Faculty of Science, University of Zagreb, 10000, Zagreb, Croatia.
Algebra University College, Ilica 242, 10000, Zagreb, Croatia.
Sci Rep. 2019 Sep 2;9(1):12629. doi: 10.1038/s41598-019-49022-2.
The centromere is important for segregation of chromosomes during cell division in eukaryotes. Its destabilization results in chromosomal missegregation, aneuploidy, hallmarks of cancers and birth defects. In primate genomes centromeres contain tandem repeats of ~171 bp alpha satellite DNA, commonly organized into higher order repeats (HORs). In spite of crucial importance, satellites have been understudied because of gaps in sequencing - genomic "black holes". Bioinformatical studies of genomic sequences open possibilities to revolutionize understanding of repetitive DNA datasets. Here, using robust (Global Repeat Map) algorithm we identified in hg38 sequence of human chromosome 21 complete ensemble of alpha satellite HORs with six long repeat units (≥20 mers), five of them novel. Novel 33mer HOR has the longest HOR unit identified so far among all somatic chromosomes and novel 23mer reverse HOR is distant far from the centromere. Also, we discovered that for hg38 assembly the 33mer sequences in chromosomes 21, 13, 14, and 22 are 100% identical but nearby gaps are present; that seems to require an additional more precise sequencing. Chromosome 21 is of significant interest for deciphering the molecular base of Down syndrome and of aneuploidies in general. Since the chromosome identifier probes are largely based on the detection of higher order alpha satellite repeats, distinctions between alpha satellite HORs in chromosomes 21 and 13 here identified might lead to a unique chromosome 21 probe in molecular cytogenetics, which would find utility in diagnostics. It is expected that its complete sequence analysis will have profound implications for understanding pathogenesis of diseases and development of new therapeutic approaches.

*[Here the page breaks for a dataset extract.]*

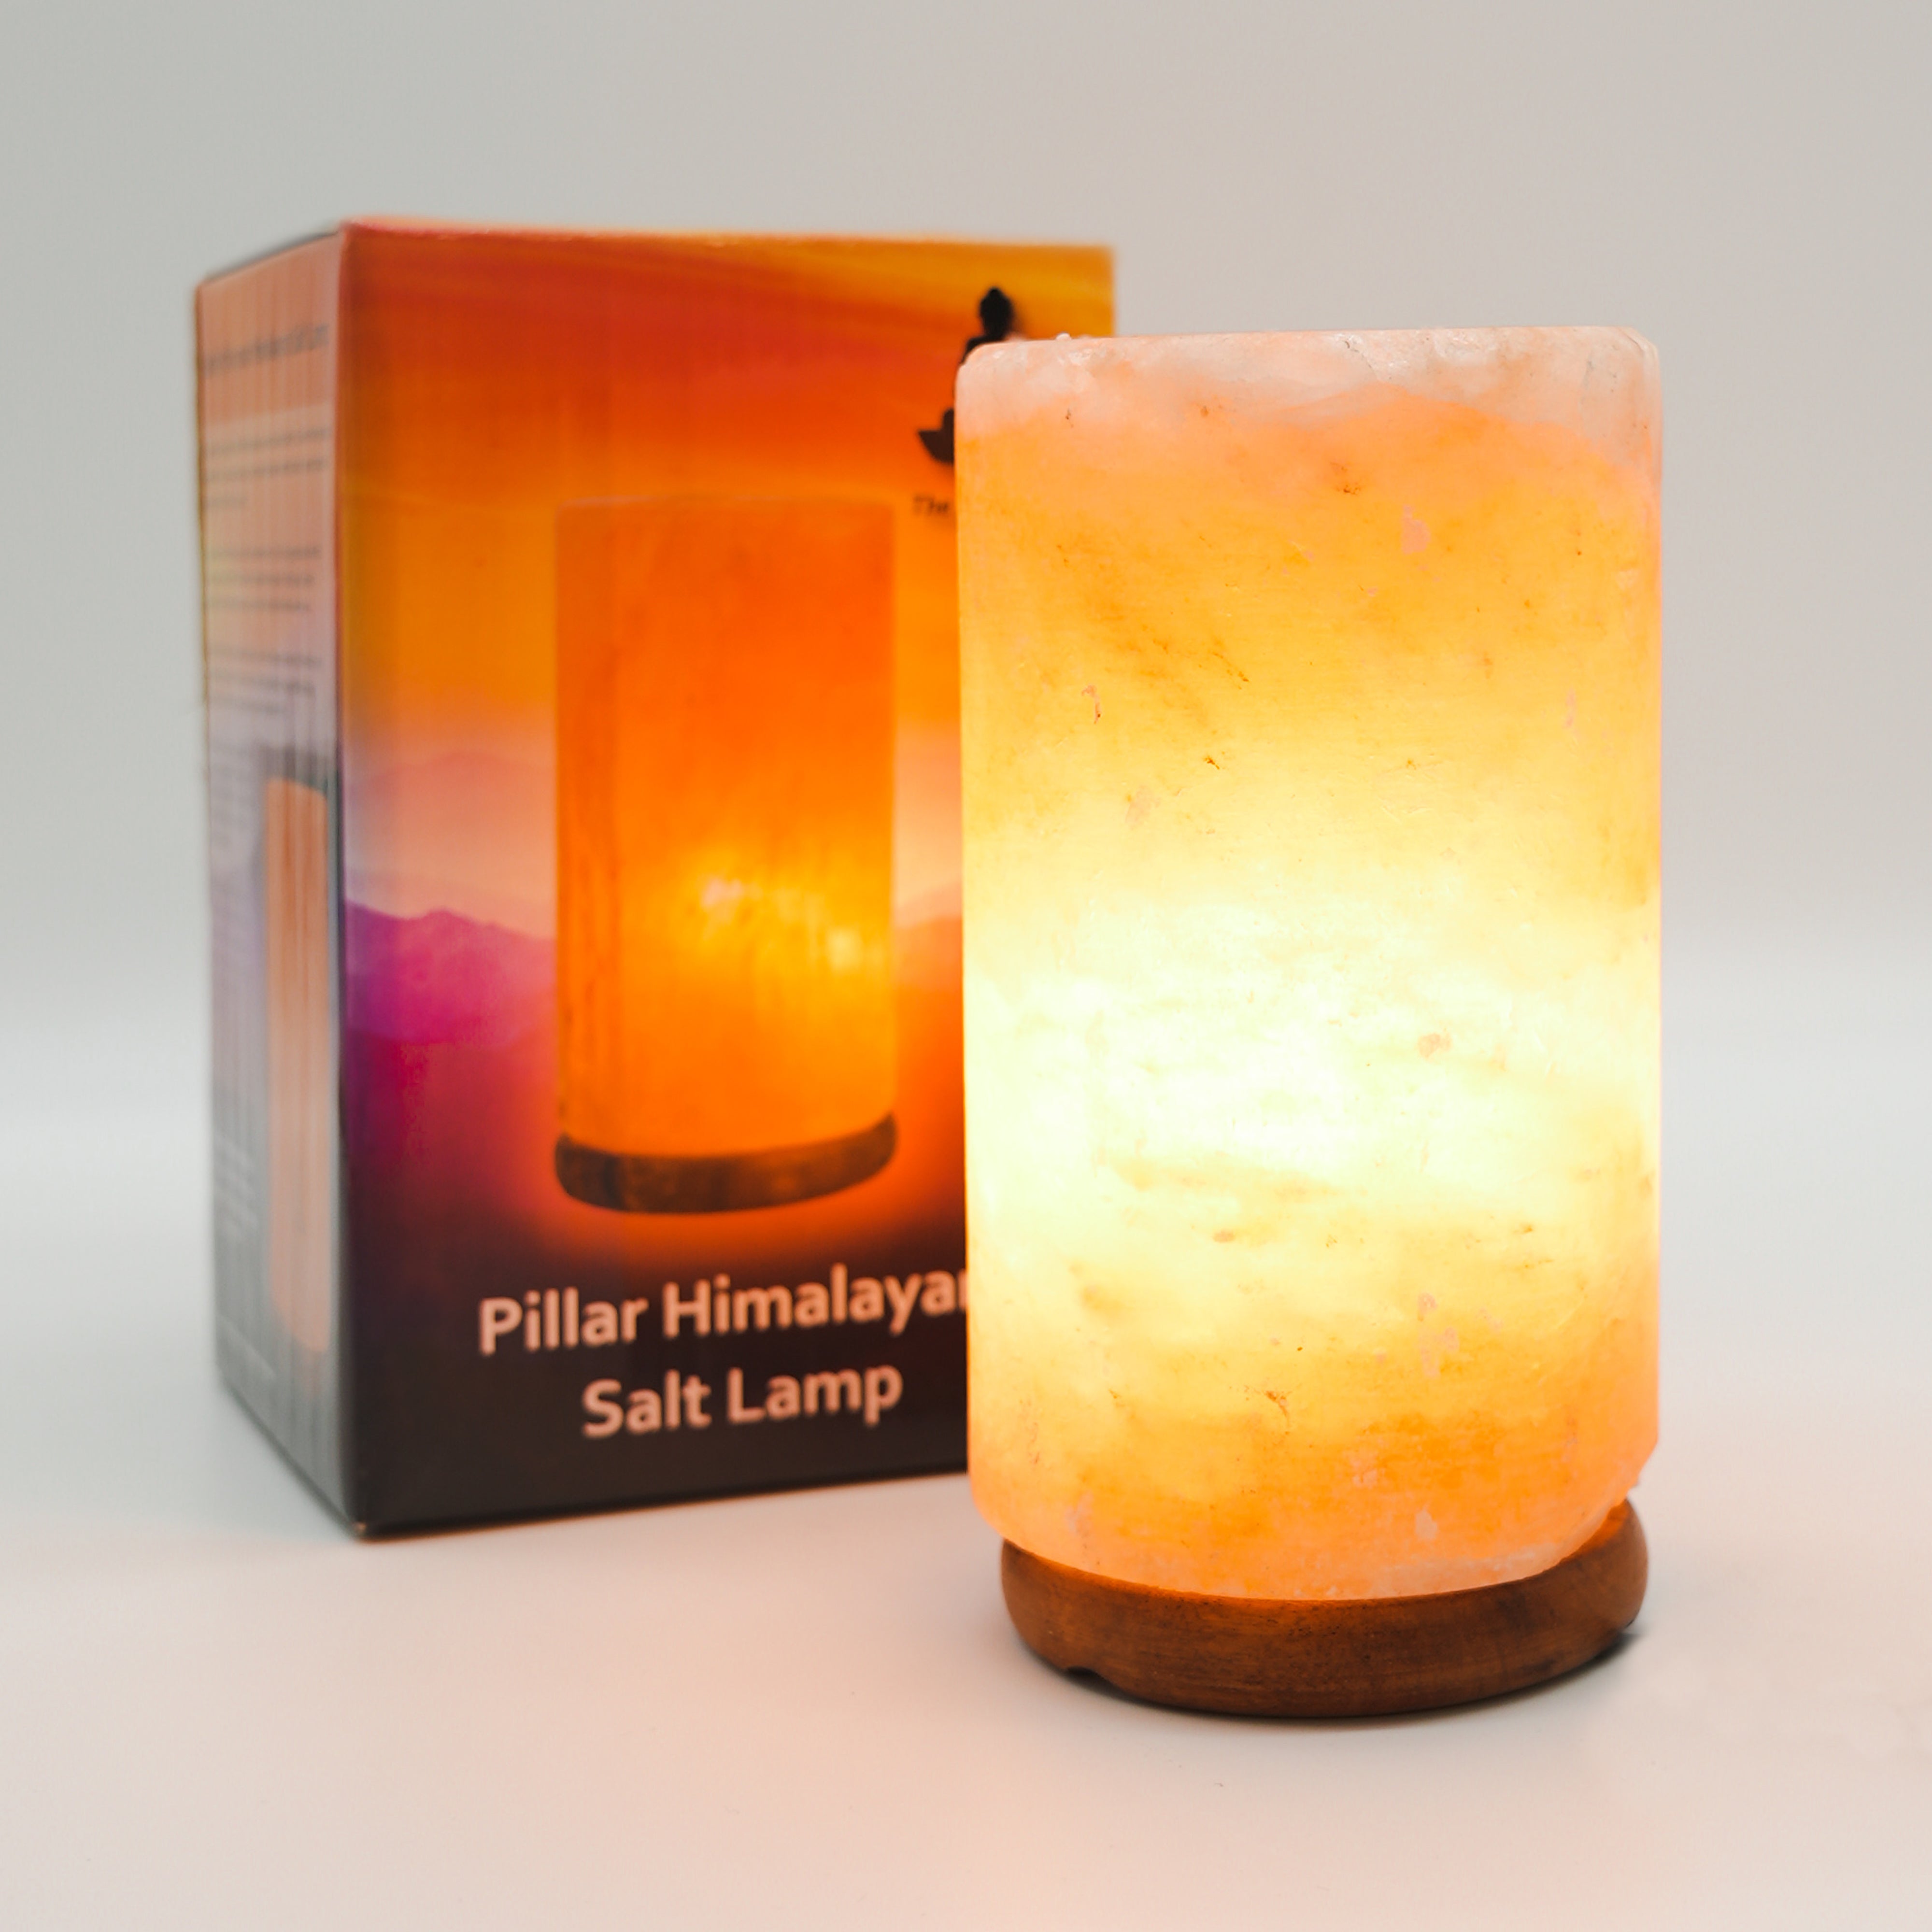 The Salt of Life - Himalayan Salt Lamp Pillar
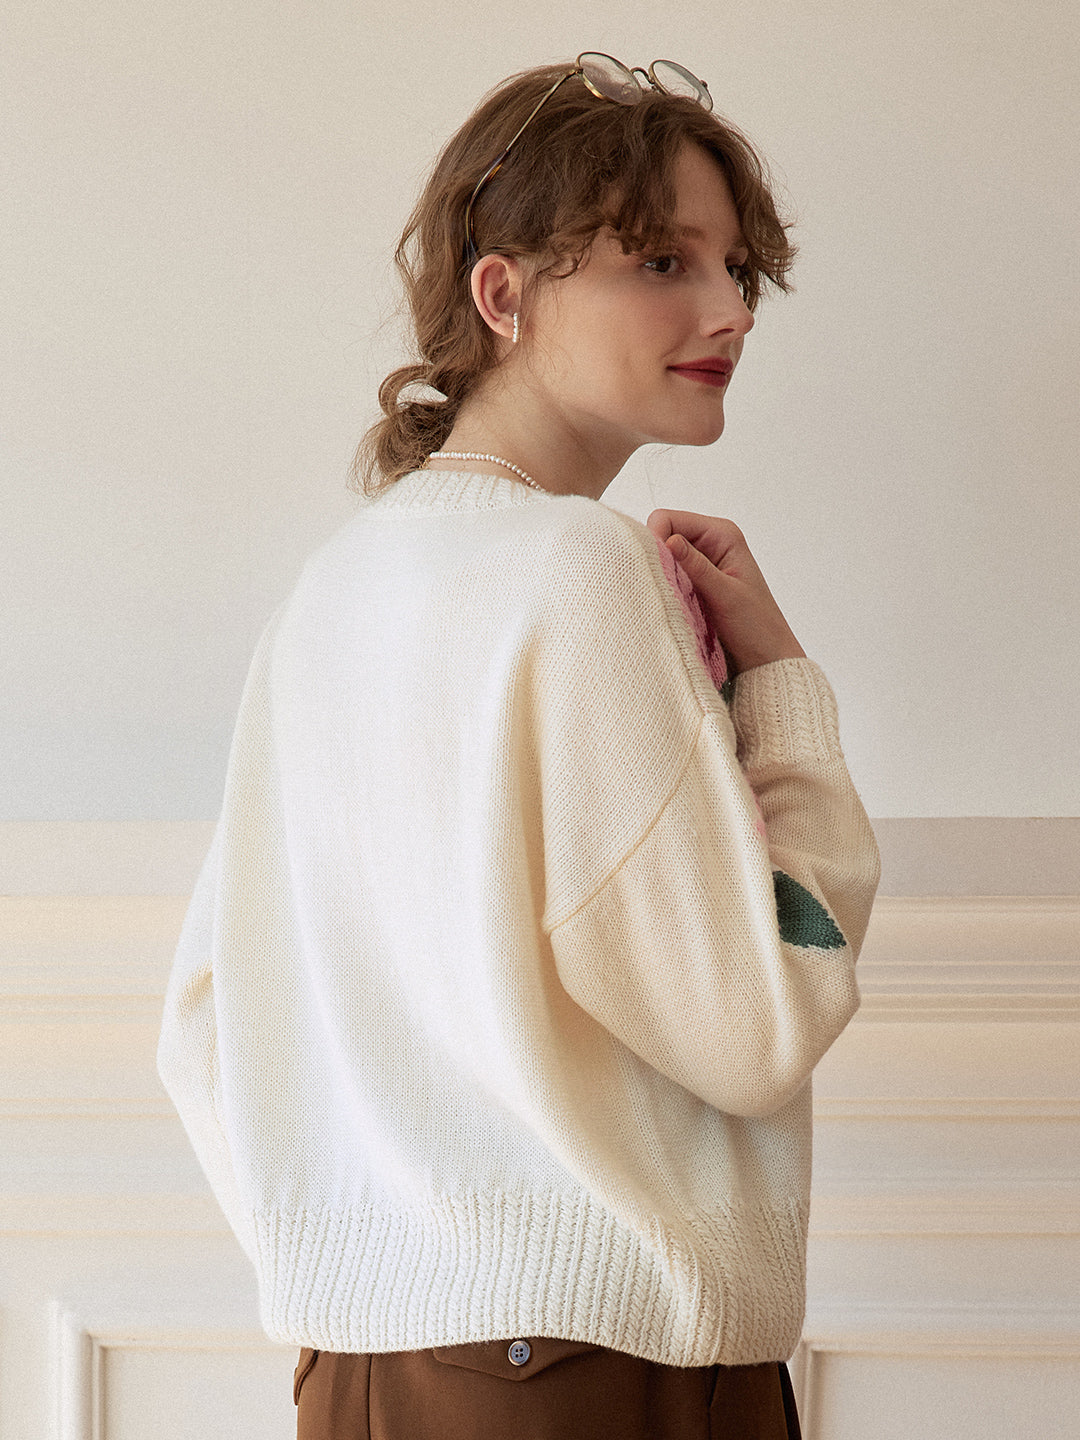 Noemi Rose Jacquard White Knit Sweater

着丝粒对于真核生物细胞分裂过程中染色体的分离非常重要。其不稳定性会导致染色体错误分离、非整倍体,这也是癌症和出生缺陷的标志。在灵长类基因组中,着丝粒包含串联重复的约 171bpα卫星 DNA,通常组织成更高阶的重复(HORs)。尽管着丝粒非常重要,但由于测序中的空白(基因组“黑洞”),卫星一直未得到充分研究。对基因组序列的生物信息学研究为理解重复 DNA 数据集开辟了新的可能性。在这里,我们使用强大的(Global Repeat Map)算法,在 hg38 人类染色体 21 序列中识别出了完整的α卫星 HOR 集合,其中包含六个长重复单元(≥20 个核苷酸),其中五个是新的。新的 33mer HOR 是迄今为止在所有体细胞染色体中发现的最长的 HOR 单元,而新的 23mer 反向 HOR 则远离着丝粒。此外,我们还发现,对于 hg38 组装,染色体 21、13、14 和 22 中的 33mer 序列完全相同,但附近存在缺口;这似乎需要更精确的测序。染色体 21 对于解析唐氏综合征和一般的非整倍体的分子基础具有重要意义。由于染色体标识符探针主要基于高阶α卫星重复的检测,因此在此识别的染色体 21 和 13 之间的α卫星 HOR 之间的区别可能会导致分子细胞遗传学中独特的染色体 21 探针,这在诊断中会有实际应用。预计其完整序列分析将对理解疾病的发病机制和开发新的治疗方法产生深远影响。